WASHINGTON (May 21, 2013) – The R Street Institute today warned that new legislation introduced by Sen. Bob Menendez, D-N.J., and Rep. Richard Neal, D-Mass., would do serious damage to U.S. property and casualty insurance markets, while also violating international commitments made to trading partners.

Under the terms of S. 991 and H.R. 2054 – introduced this week in the U.S. Senate and House, respectively – insurers domiciled in the United States would be denied deductions for reinsurance paid to affiliates based in any jurisdiction not subject to U.S. tax law.

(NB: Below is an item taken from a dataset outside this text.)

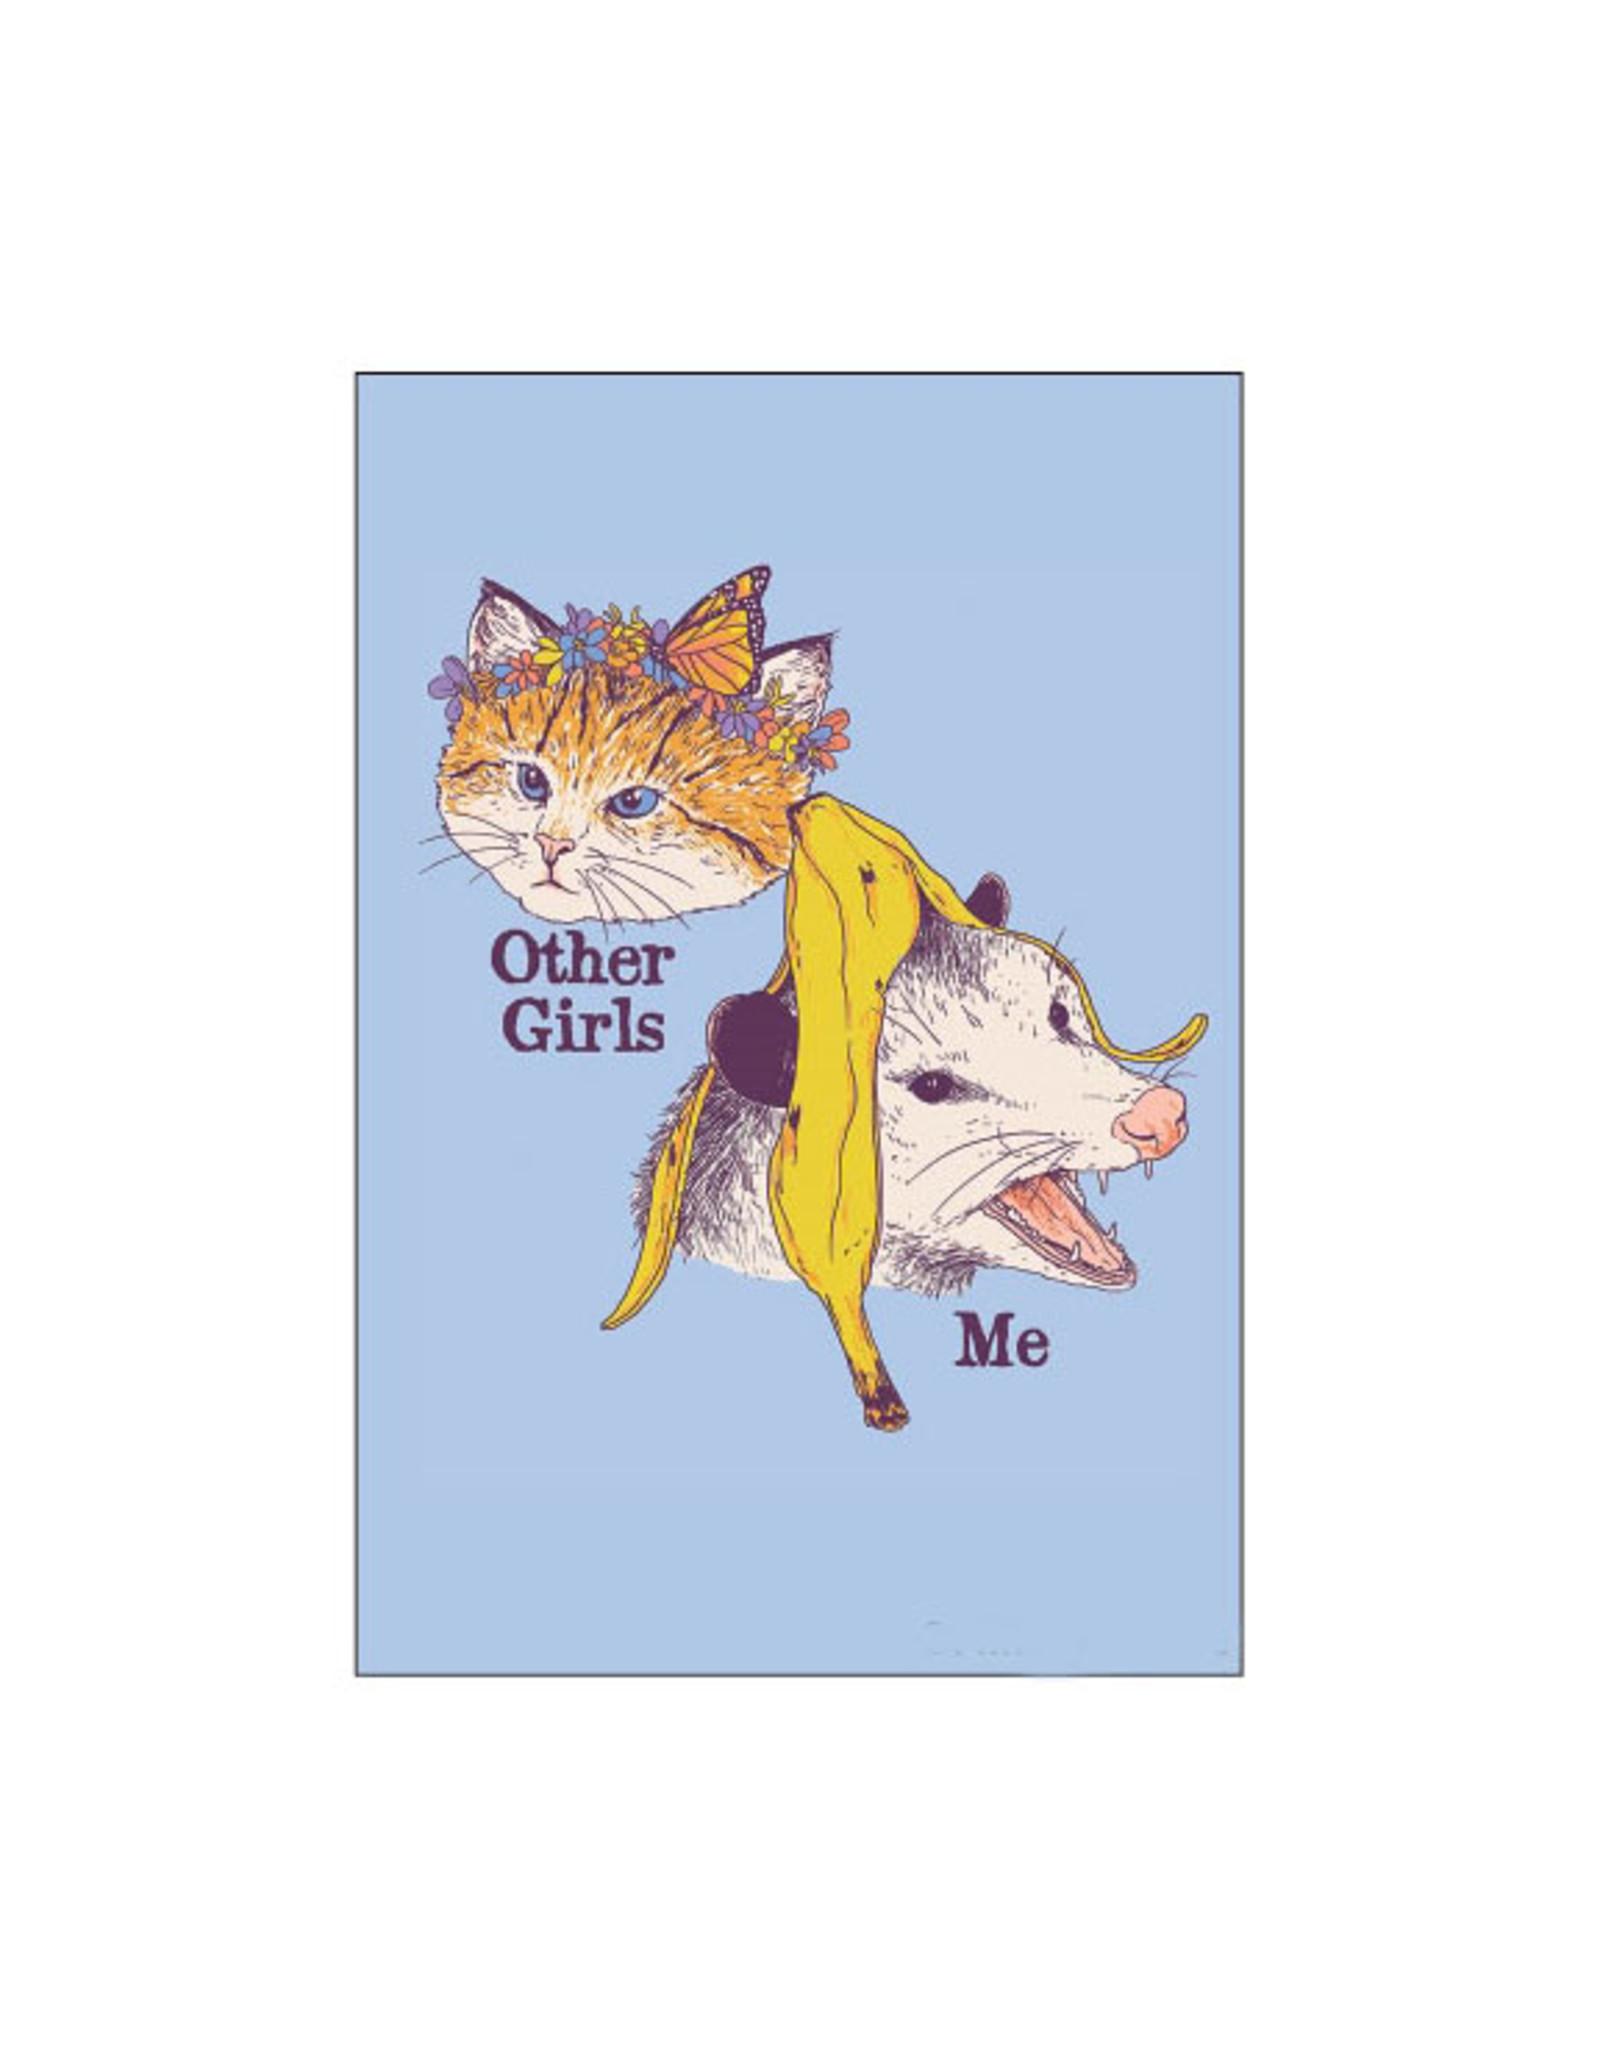 Other Girls, Me (Cat, Opossum) Magnet

Similar to a proposal contained in the White House’s Fiscal Year 2013 Budget, the bills threaten to reduce capacity and increase costs for several key U.S. insurance markets, including coastal property/catastrophe business, earthquake risks, crop insurance and large account directors and officers liability. Analysis by the Brattle Group has found this change in tax law would reduce the net supply of reinsurance in the United States by 20 percent and increase the cost U.S. consumers pay for insurance by $11 billion to $13 billion annually.

“This is a protectionist measure that serves the interests of certain large domestic insurance companies by discouraging foreign-based competitors from devoting their capital to U.S. risks,” R Street Senior Fellow R.J. Lehmann said. “It also is simply bad policy, in that it would tend to concentrate U.S. risks within the United States, rather than allowing the global reinsurance system to spread them throughout the globe.”

Lehmann added that the proposals appear to violate the United States’ commitment under the General Agreement on Trade in Services not to subject companies to more punitive or burdensome taxation based solely on where the company is based. In addition, the United States is a party to more than 50 in-force double-tax treaties that include commitments to non-discrimination in the tax code.